23 = consumed (i.e. ‘eight = ate’)

22 = in favour of (i.e. ‘four = for’)

21 = also (i.e. ‘two = too’)

20 = was victorious in a quiz (i.e. ‘one = won’)

Only Connect Solution

The first problem here is that, for many speakers, eight and ate are not homophones. For most speakers in the UK eight rhymes with ‘gate’, but for many ate rhymes with ‘get’. Both words were included in the questionnaire of the Survey of English Dialects – a nationwide study of regional speech in England carried out in the 1950s and 1960s. For the vast majority of informants the simple past tense of the verb ‘to eat’ rhymed with ‘get’ and there are very few unambiguous examples of rhymes with ‘gate’. The only examples of an apparent past form rhyming with ‘gate’ were in places like Yorkshire, Lancashire, Devon and Cornwall where, historically, the local dialect makes no distinction between present and past tense – i.e. eat is unmarked for tense but is pronounced to rhyme with ‘gate’ regardless. This reflects a middle English vowel sound that survives in a small set of similar words – meat still occasionally sounds like an RP pronunciation of ‘mate’ in these dialects. Interestingly, despite only fleeting glimpses in this survey of ate rhyming with ‘gate’, we increasingly hear this pronunciation nowadays, presumably as a result of a pronunciation falling in line with spelling – a trend confirmed by data published in the Longman Pronunciation Dictionary (Wells, 2008:54). A similar process is happening with says so that, as with your pronunciation of ate, whether you pronounce says to rhyme with ‘fez’ or with ‘phase’ may reveal a good deal about your age.

Four and for and two and too indisputably rhyme in most varieties of British English (if we exclude for convenience the Scots preference for twa), but one and won present a similar problem. If you speak RP – the regionally neutral middle-class accent of England – you probably rhyme one with won and chances are if you’re from the south of England you will, too. If, like my sister-in-law, you come from Leeds you might also do so, but with a completely different vowel to the one used by RP speakers and southerners. For many speakers in the UK, however, one rhymes with ‘gone’ while won rhymes with ‘gun’. Data from the Survey of English Dialects suggests that one was almost universally rhymed with ‘gone’ in the north and Midlands, apart from a small pocket of West Yorkshire (cf. my sister-in-law’s pronunciation in Leeds) and the far north, where the dialect form yan competed with one.  In contrast, speakers in the south of England varied between a rhyme with ‘gone’ and a rhyme with ‘gun’ with the latter more common. According to a survey conducted for the Longman Pronunciation Dictionary roughly 70% of British English speakers favour a rhyme with ‘gone’ meaning that one and won are homophonous for a minority of speakers (Wells, 2008:563). Thankfully the captain of the team presented with this clue was a young RP speaker, but I wonder if contestants from the north (or older speakers) subconsciously struggled to make the connection between the mathematical and linguistic clues, as for them the link may not be immediately apparent for either the first or fourth item in the sequence (or both).
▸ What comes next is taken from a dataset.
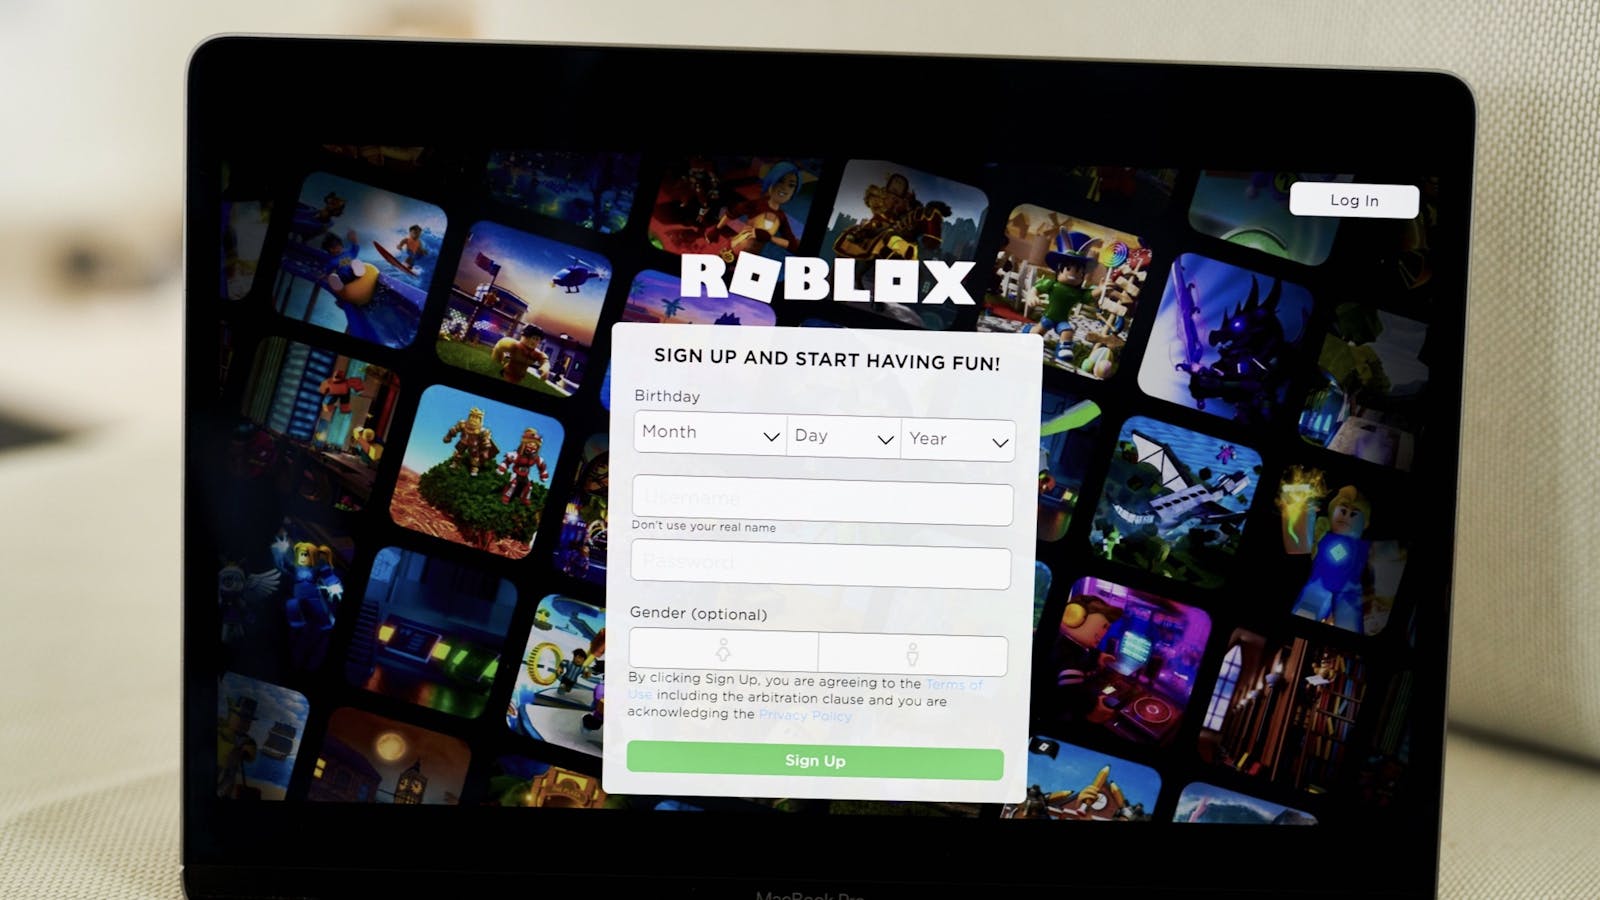 Roblox's web site. Photo by Bloomberg

So my friend may have been deluded all those years ago about his chances of ever playing for England, but he might genuinely have a case to argue about his relative chances of winning TV quiz shows.  The British Library holds the entire set of recordings made for the Survey of English Dialects thus allowing researchers to explore and enjoy these fine distinctions between dialects.

Only Connect Series 12 Episode 12, Genealogists v Surrealists. 2016. BBC2. 26 September, 20.30.